■ Exercise goal ■
The answer must reproduce all of the data below exactly and contain no images.

■ Data block ■
---+---

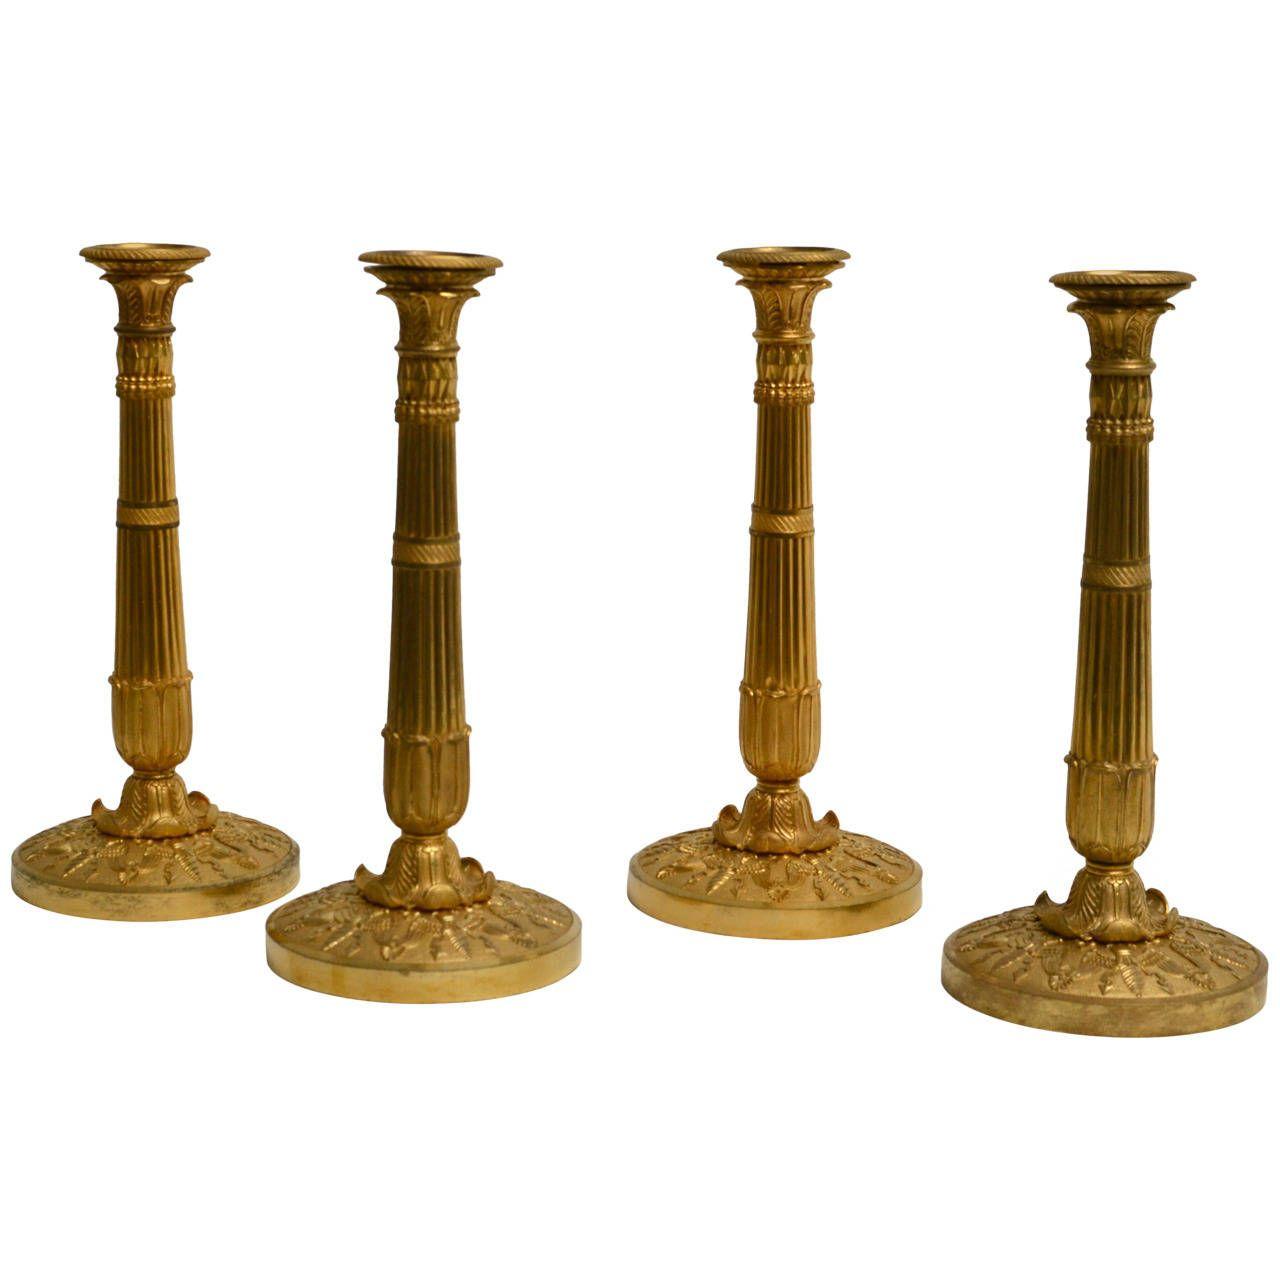 Rare Set of Four Large Gilt Bronze Candlesticks Attributed ...
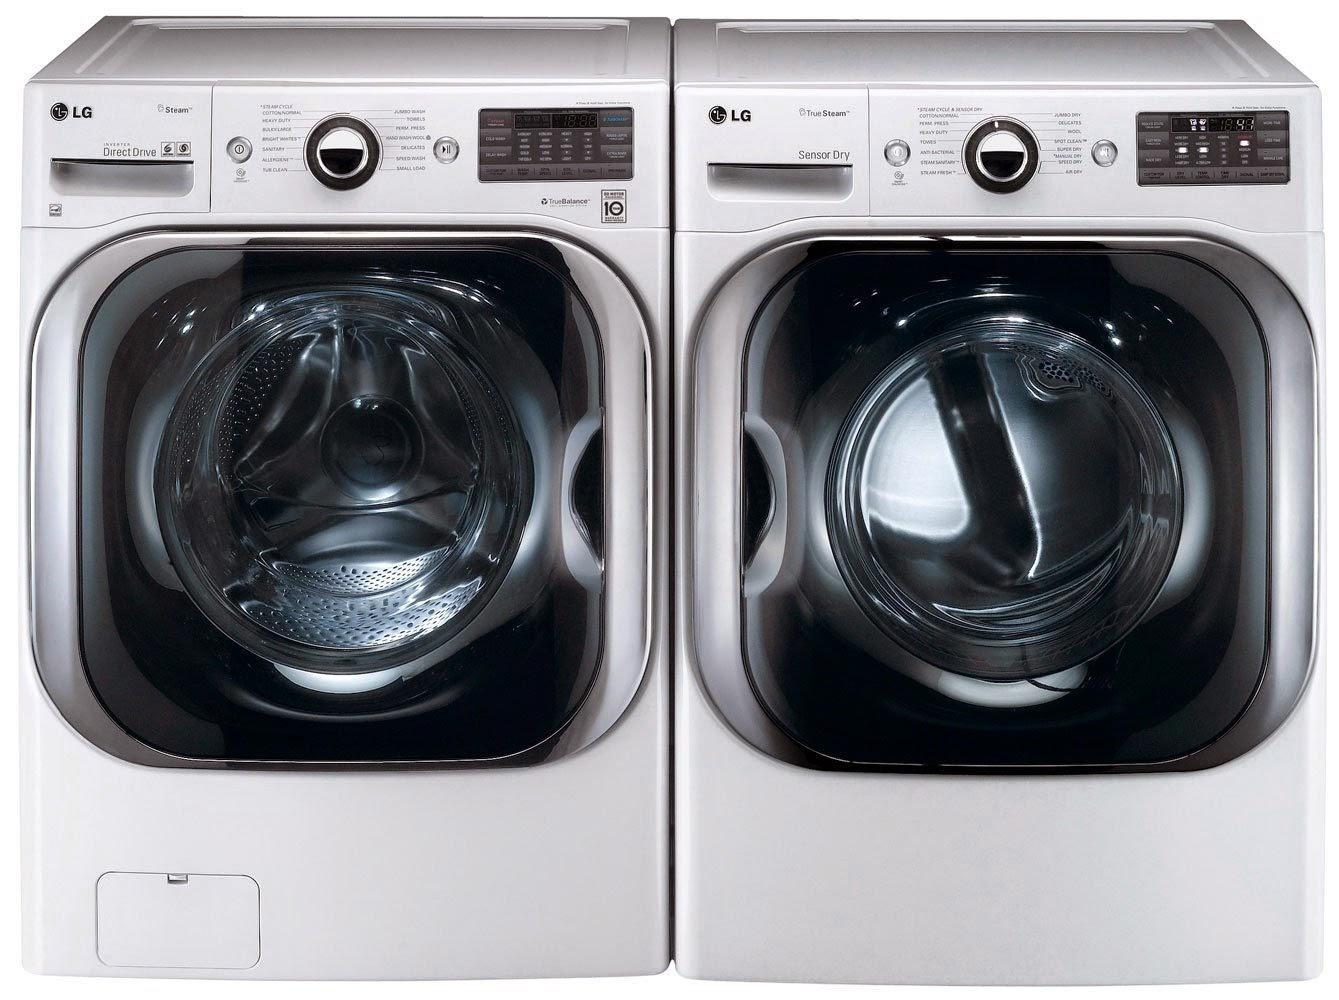 Lg An Mega Capacity 5 1 Cf Turbowash Steam Washer With 9 0 Dryer
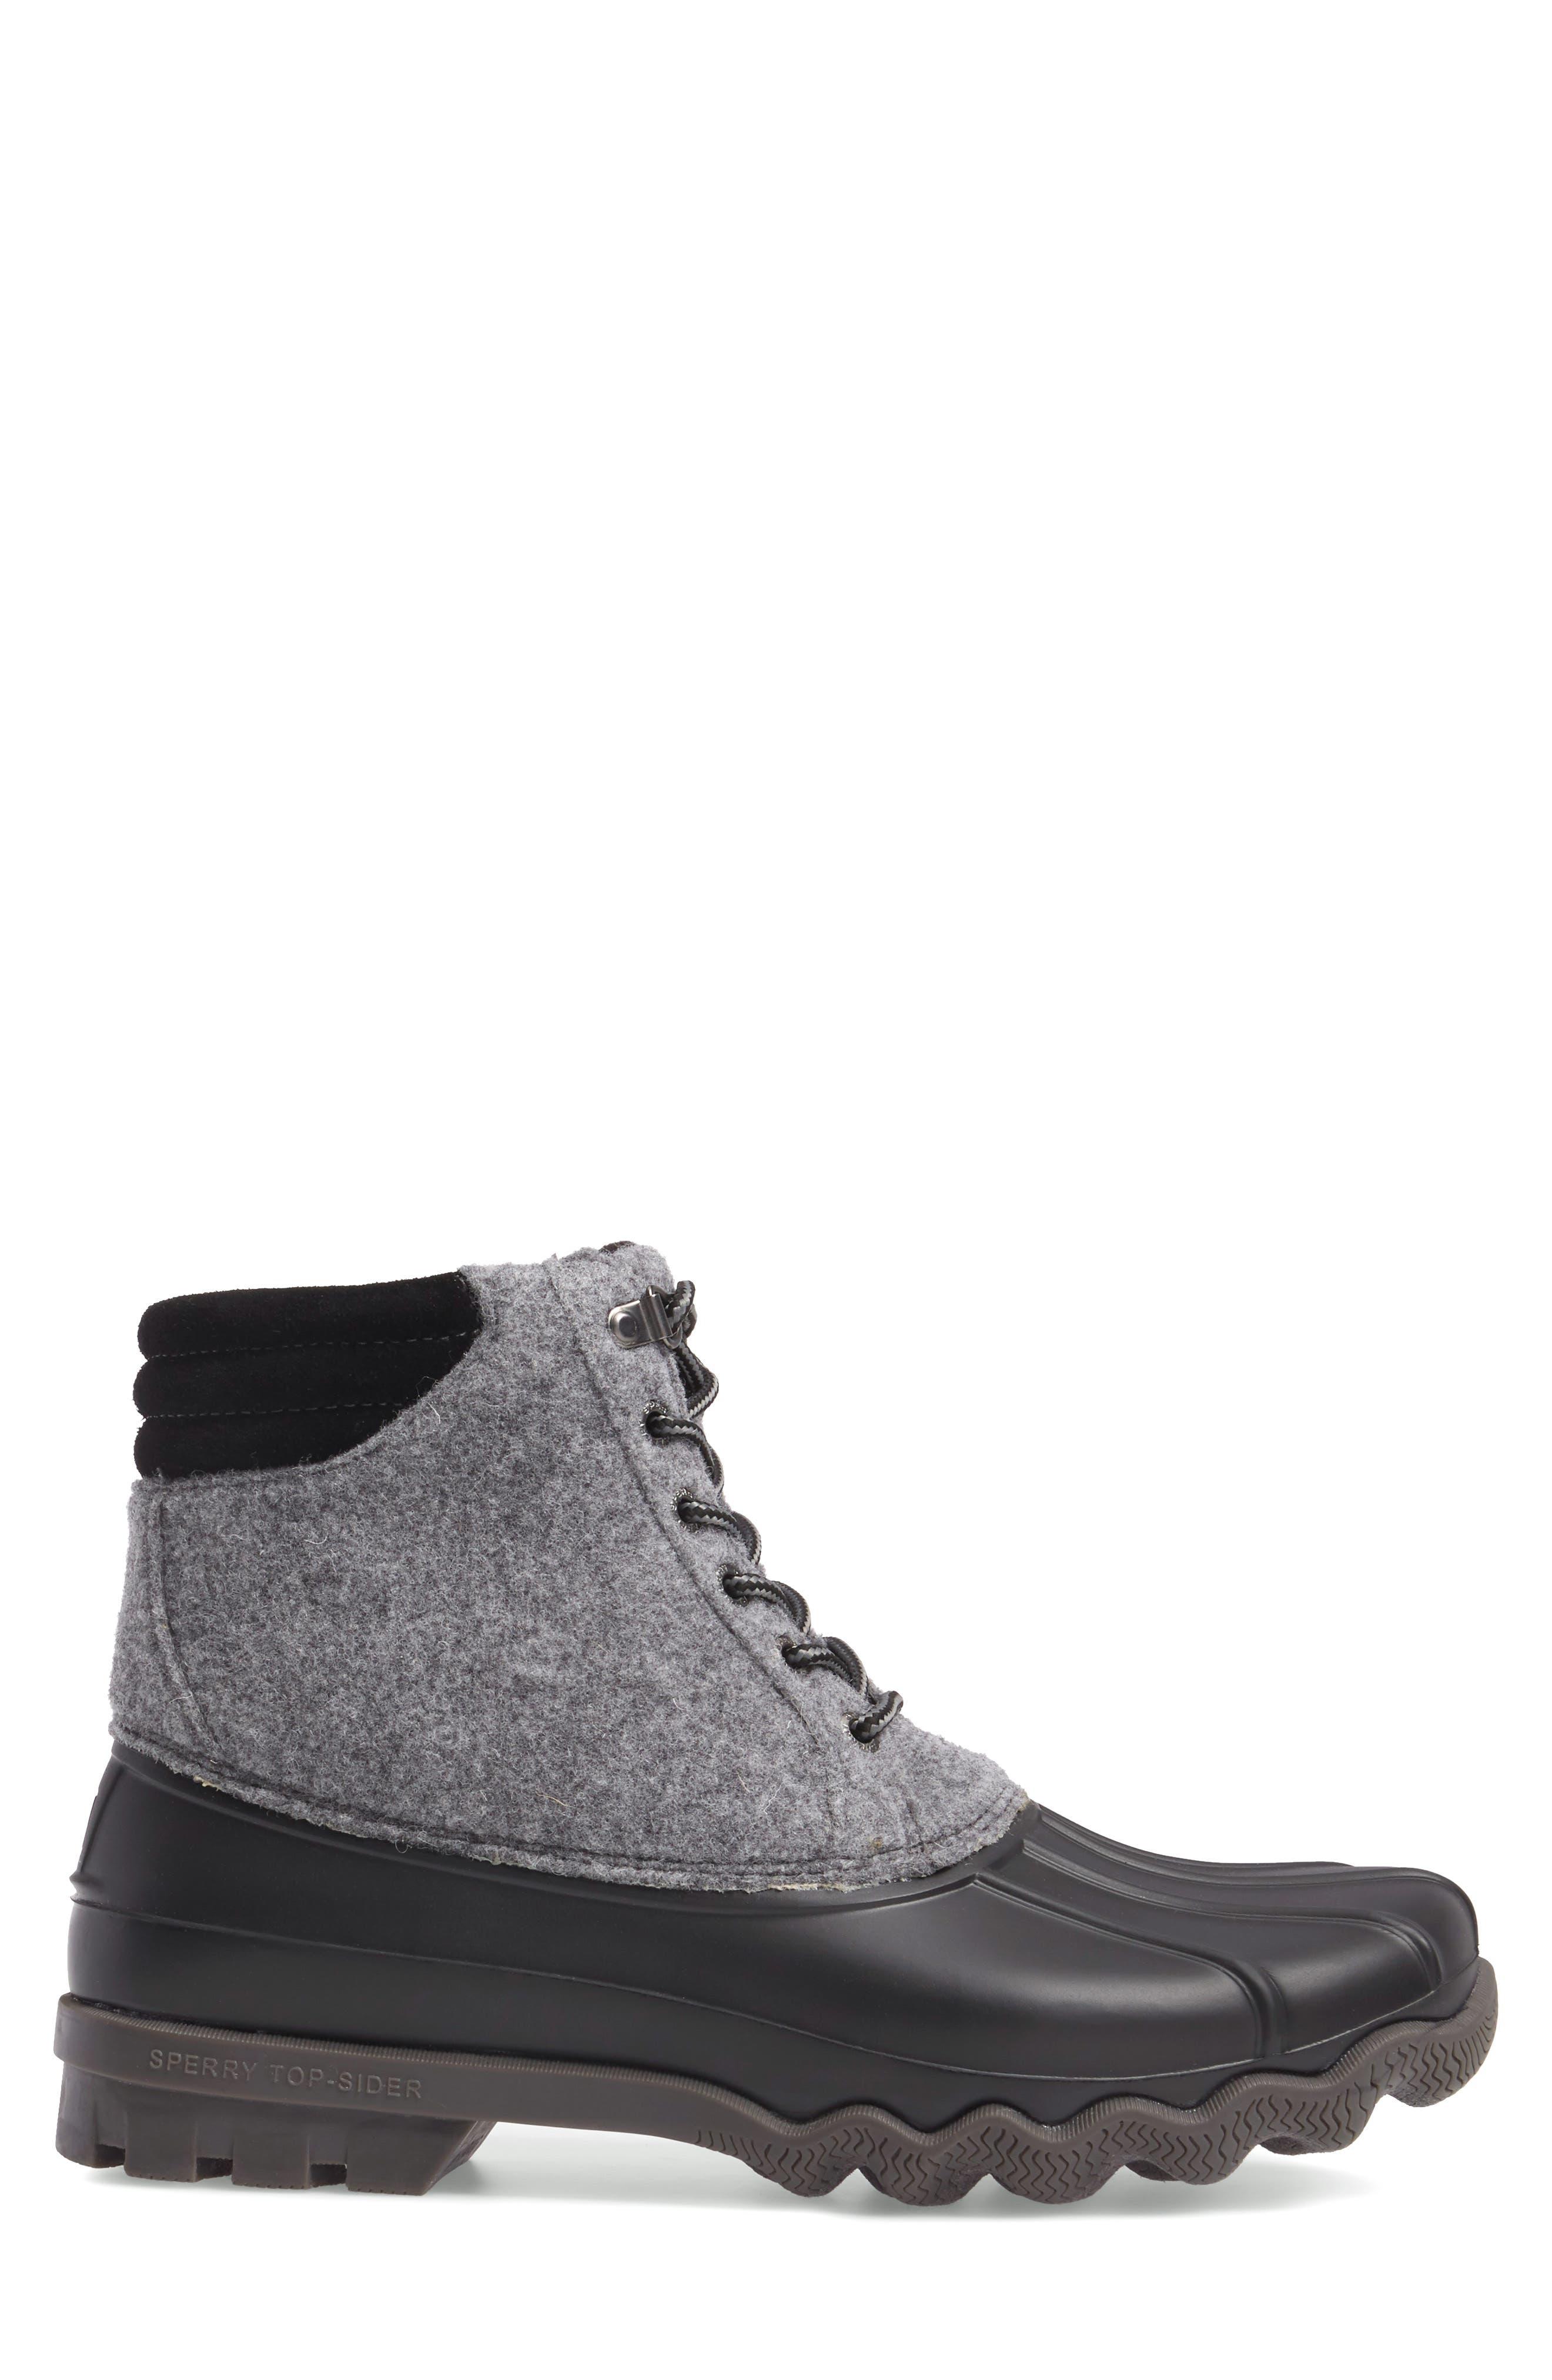 Avenue Rain Boot,                             Alternate thumbnail 3, color,                             Grey Leather

---+---

■ Task result ■
 Rare Set of Four Large Gilt Bronze Candlesticks Attributed ...
 Lg An Mega Capacity 5 1 Cf Turbowash Steam Washer With 9 0 Dryer
 Avenue Rain Boot,                             Alternate thumbnail 3, color,                             Grey Leather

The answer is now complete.